Contents

1 Introduction
2 Some networking facts
3 P2P architectures
4 The Peer-To-Peer Straightforward Protocol
 4.1 Main P2PSP characteristics
 4.2 Data partitioning
 4.3 Basic entities
 4.4 IMS (IP Multicast Set of rules)
 4.5 DBS (Data Broadcasting Set of rules)
 4.6 ACS (Adaptive Chunk-rate Set of rules)
 4.7 LRS (Lost chunks Recovery Set of rules)
 4.8 EMS (End-point Masquerading Set of rules)
 4.9 NTS (NAT Traversal Set of rules)
 4.10 MCS (Multi-Channel Set of rules)
 4.11 The Content Integrity Set of rules
  4.11.1 A model of the impact of an attack
 4.12 The Data Privacy Set of rules
 4.13 The Peer-list Compression Set of rules
5 A mathematical analysis of the P2PSP
6 Definitions
 6.1 Splitter delivery period
 6.2 Steady-state performance
 6.3 Chunk lost-rate produced by churn and unwarned-churn
 6.4 Flash crowd dealing (maybe included in the previous section?)

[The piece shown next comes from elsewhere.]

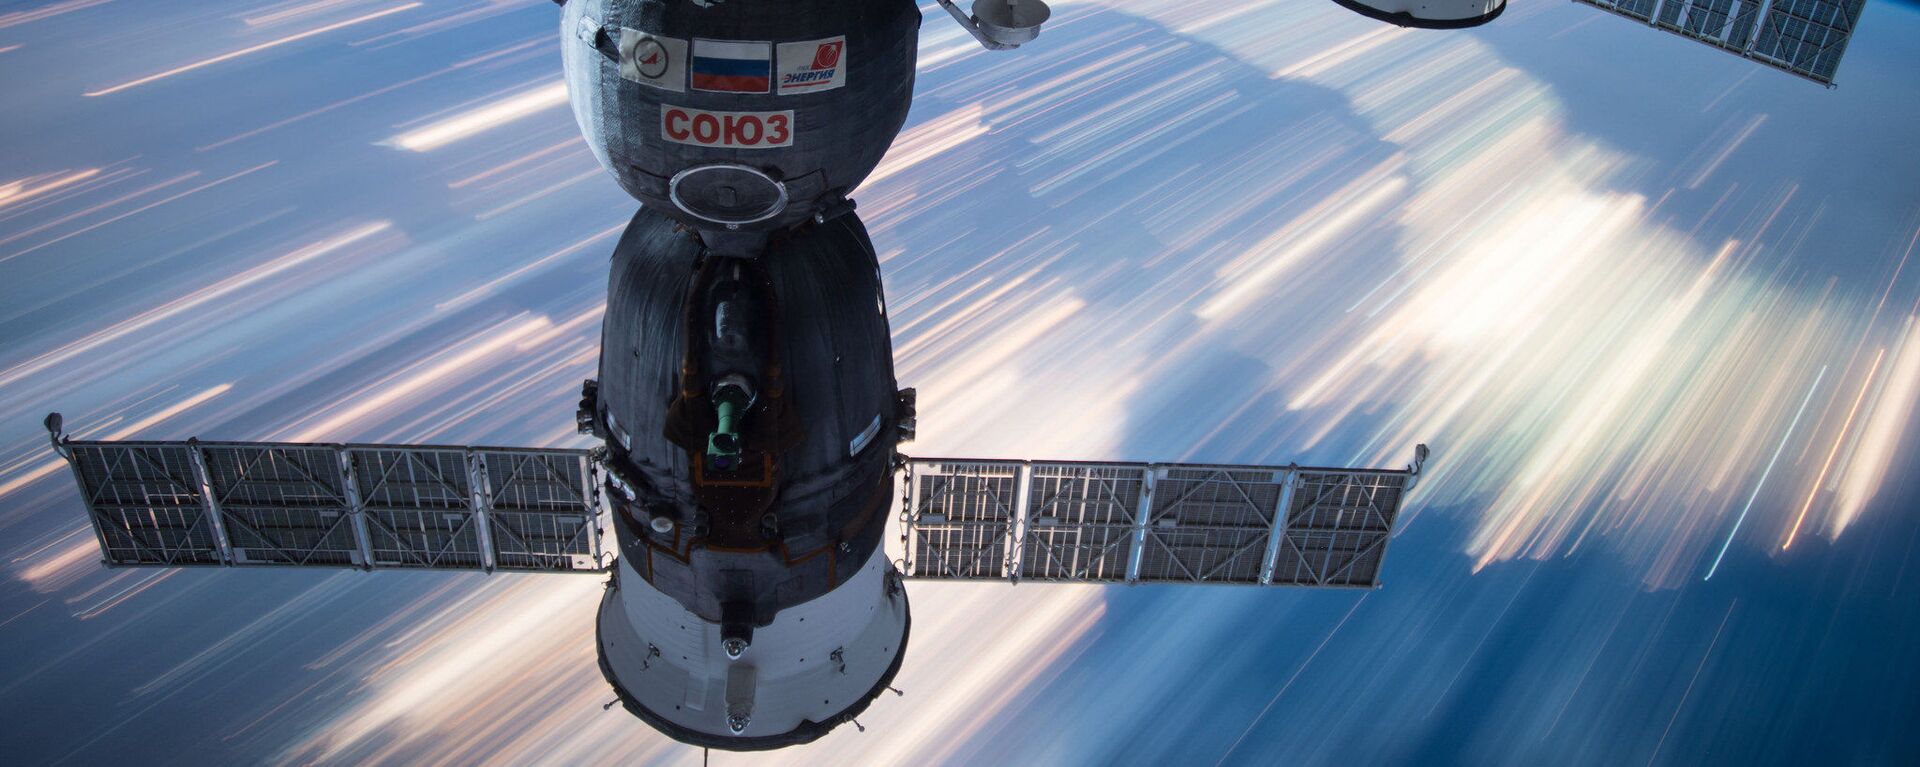 Ruski svemirski brodovi Sojuz i Progres priključeni na Međunarodnu svemirsku stanicu - Sputnik Srbija, 1920, 26.07.2022

 6.5 Maximun free-riding ratio
 6.6 DoS impact?
 6.7 Scalability
 6.8 Are peers synchronized?
7 Configurations
 7.1 Trusted peers
 7.2 Super-peers
 7.3 Premium peers
 7.4 QoS preservation
 7.5 Clustering in private networks
 7.6 Dealing with symmetric NATs
 7.7 Building large P2PSP overlays
 7.8 Streaming of 3D video
 7.9 Simulcast of single-layer media
 7.10 Streaming of scalable content
 7.11 Streaming of multiple descripted content
 7.12 Interactive temporal random access (video-on-demand)
8 Summary

The Peer-To-Peer Straightforward Protocol (P2PSP) is an application-layer protocol designed for real-time broadcasting of live media over a P2P overlay network. As many other P2P protocols, it minimizes the bandwidth requirements on the source nodes (which executes the process in charge of sending the data stream) by profiting of the upload bandwidth available in the links of the peers. However, the P2PSP has several characteristics that make it different of other previous proposals: (1) the protocol is simple enough to allow a straightforward implementation, (2) churn tipically produces a small number of lost blocks spreaded in the time and therefore, error concealment techniques based on signal interpolation can be applied more effectively, (3) peers can be behind NATs, (4) the protocol is media-agnostic, (5) the P2PSP is extremely modular which allows you to adapt it accurately to your requirements, (6) it can be deployed together client/server streaming services, among others advantages.